Phylogenetic analysis and demographic history

HIV-1 subtypes were determined uploading sequences individually into the REGA HIV-1 automated Subtyping Tool version 2.0 (http://www.bioafrica.net/rega-genotype/html/subtypinghiv.html) and confirmed by in-house phylogenetic analysis.

The age of the most recent common ancestor (TMRCA, years) and the ancestral geographic movements were jointly estimated using a Markov Chain Monte Carlo (MCMC) framework as implemented in BEAST v1.8.1 [32]. We used a discretized gamma distribution (GTR + 4Γ) to account for among-site rate variation. Time scales of the trees were calibrated with the sampling dates available. The temporal scale of evolutionary process was estimated from the sampling dates of the sequences using a relaxed uncorrelated lognormal molecular clock model and a gamma prior on clock rate. Different parametric demographic models (a constant population size, exponential and logistic growth) and a nonparametric Bayesian skyline plot (BSP) were compared, and the best models were selected as confirmed by a higher Bayes Factor (BF) support implemented in BEAST [32]. MCMC simulations were run for 50–200 × 106 chain steps, sub-sampling parameters every 20,000 steps. After removing 10% of burn-in and combining evolutionary parameters and trees using LogCombiner. Convergence of the chains was inspected using Tracer.v.1.5. The TMRCA estimates were expressed as mean and 95% highest posterior density (HPD) years before the most recent sampling dates.

The identification of significant migration pathways was performed using discrete non-reversible diffusion models and a Bayesian stochastic search variable selection (BSSVS) approach [33]. We first applied a discrete diffusion model and geographic locations were recorded at the tips of pol phylogenies. To quantify the dissemination process, we estimated the number of viral migrations among locations using ‘Markov Jump’ counts [34] of location-state transitions along the posterior tree distribution [35]. In an attempt to maximize spatial information and put spatiotemporal dynamics in a demographic context, we compiled location information into 10 equally populated areas (regions 1–10). We also included sequences originating from French overseas departments (region 11).

Statistical analyses

All available data including demographics, HIV risk factor, baseline CD4 count, viral load and HIV-1 subtype or CRF were compared between individuals who clustered and those who did not and analyzed to determine if these factors changed over time. Categorical variables were compared using the Fisher exact test, and continuous variables were evaluated using the Wilcoxon rank test. p values <0.05 were considered statistically significant. The calculations of all statistical tests were performed by using Graph-Pad Prism 6.0c software (GraphPad Software, Inc., San Diego, CA) and the computing R environment.

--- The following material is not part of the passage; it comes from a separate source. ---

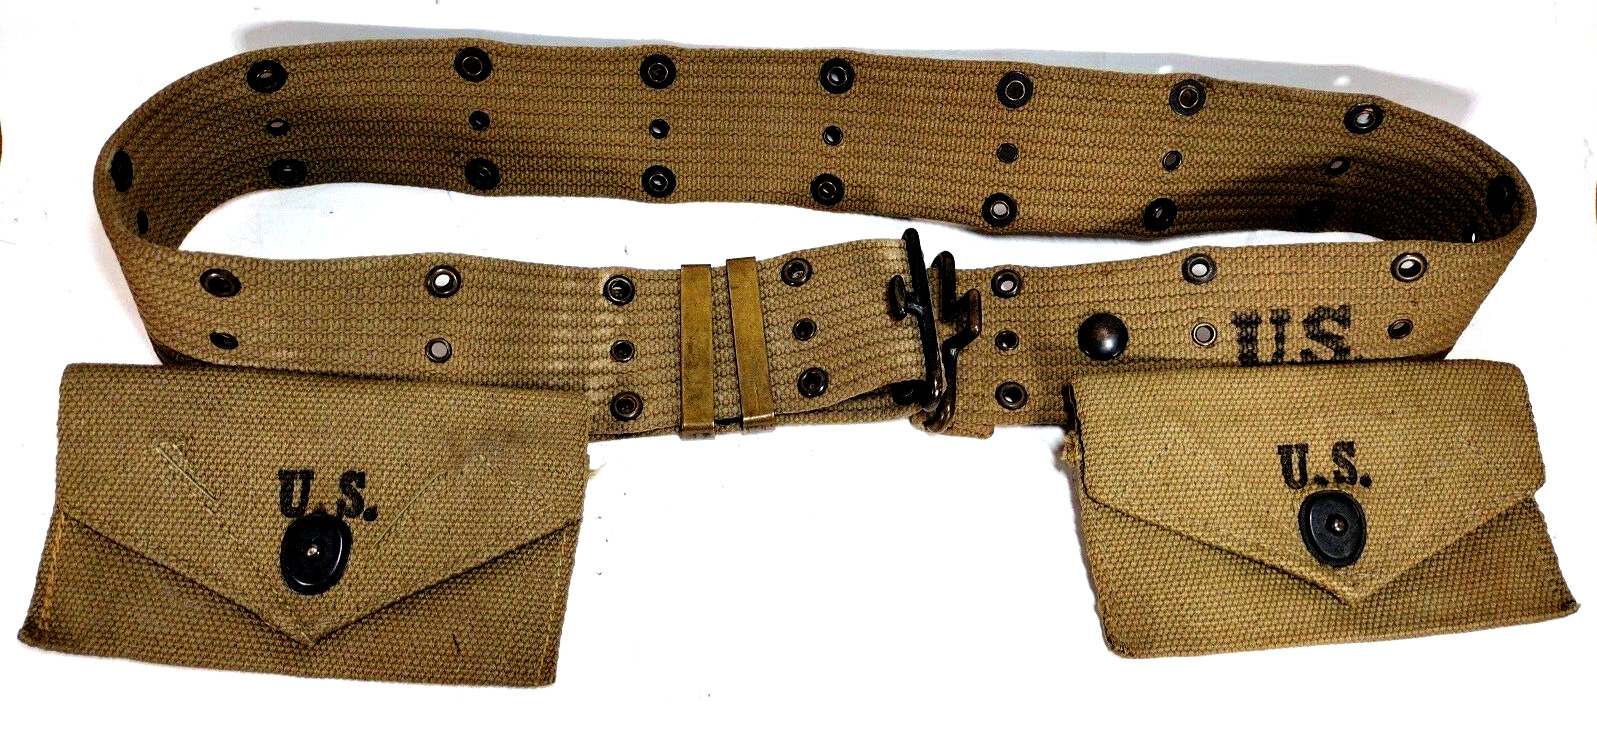 Authentic 1942 World War II U.S. Army Khaki Belt w Bandage and Ammo Pouches, USA
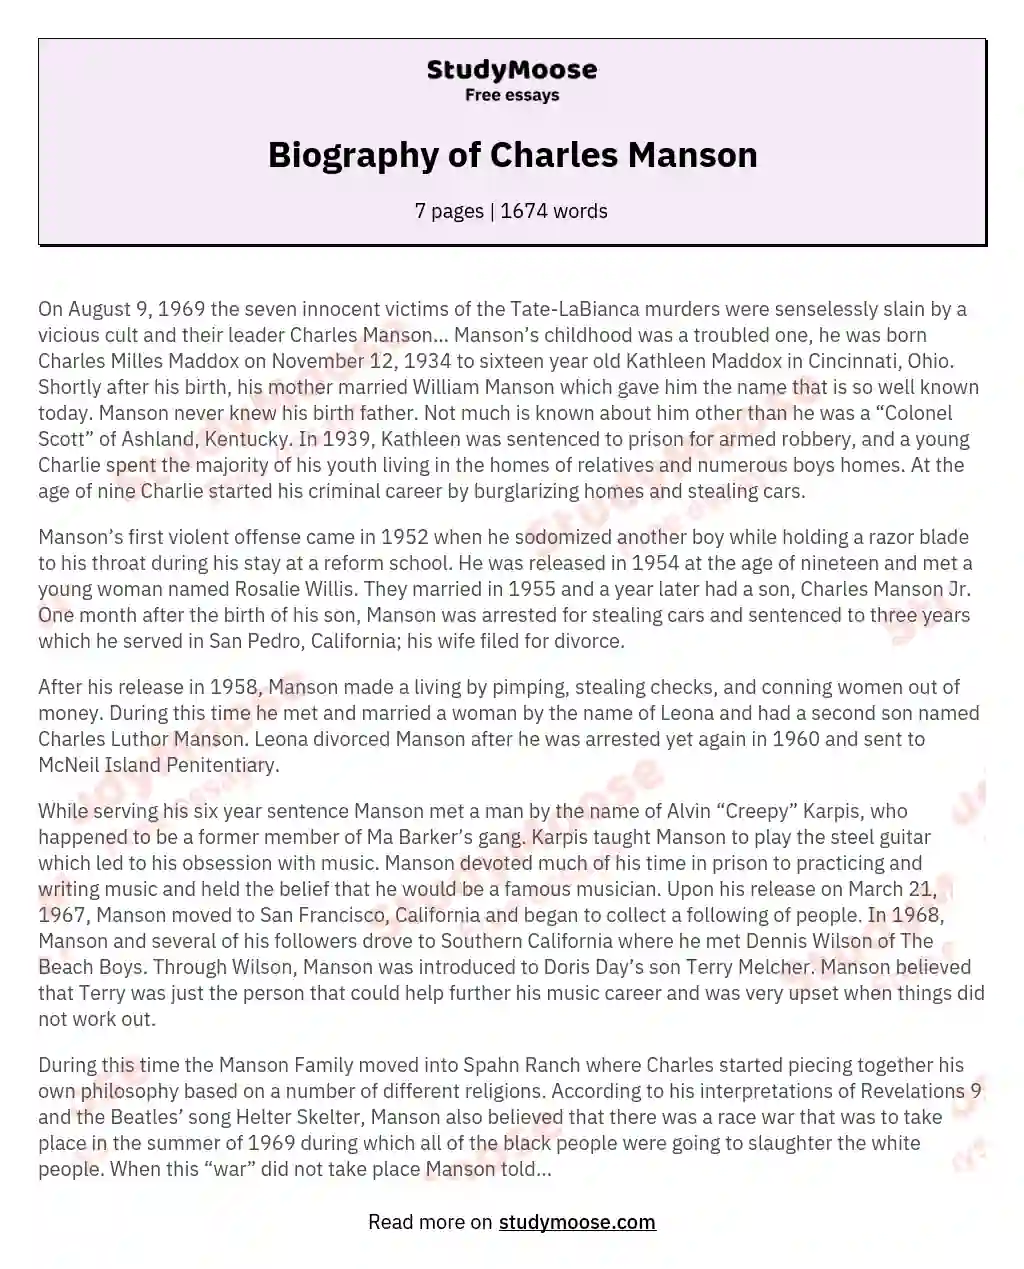 Biography of Charles Manson

Impact of targeted prevention

We evaluated whether phylogenetic monitoring can be used to efficiently target prevention interventions [5]. Here, we evaluated the impact of a prevention intervention targeting clustering individuals (index cases) belonging to an active cluster before 2010 on onward HIV transmission within this network. Briefly, we estimated the number of infections that would have been prevented from 2010 to 2014 if identified clustering individuals (index cases) enrolled in the PRIMO Cohort had received the prevention intervention based on the network density (defined as \(\frac{{{\sum }{\text{degrees}}\left( {\text{cluster}} \right)}}{{{\text{size}}\left( {\text{cluster}} \right)}}\)) prior to 2010. We then considered that an onward transmission would have been prevented if a participant (contact of index cases) was diagnosed after the date of intervention (i.e. from 2010 to 2014) and belonged to an active transmission cluster targeted by the intervention.

Results

Population characteristics

A total of 1356 individuals with PHI enrolled in the ANRS PRIMO cohort CO6 between 1999 and 2014 were included. Participants were preferentially Caucasian (85.9%), male (86.7%) and MSM (71.4%). More than one-third (37%) were diagnosed in Paris (n = 348) and its surrounding areas (n = 167). The median age was 35 years (range from 17 to 79 years), and a vast majority (69%) was between 20 and 40 years old. Over this period, the proportion of HIV-infected individuals reporting MSM risk increased over the study period from 66% (n = 309) in 1999–2005 to 77.7% (n = 310) in 2011–2014 (Chi square test for trend, p < 0.01). The socio-demographic characteristics of 1356 individuals are summarized in Table 1.

Table 1 Population characteristics at primary infection

Subtype epidemics

Overall, the HIV-1 subtype B (72.5%, n = 983) was largely predominant. Among the non-B viral strains, CRF02_AG was the most prevalent (56% of non-B, n = 209) (Table 1). MSM individuals were significantly more likely to be infected with subtype B (80%) than CRF02_AG (12.2%) and other non-B lineages (p < 0.001). Among heterosexuals, subtype B clade was also the most prevalent (42%) but prevalence of CRF02_AG (27%) and other non-B subtypes (30.7%) increased overtime. We also showed a significant increase of non-B subtypes among MSM over the study period (p < 0.001).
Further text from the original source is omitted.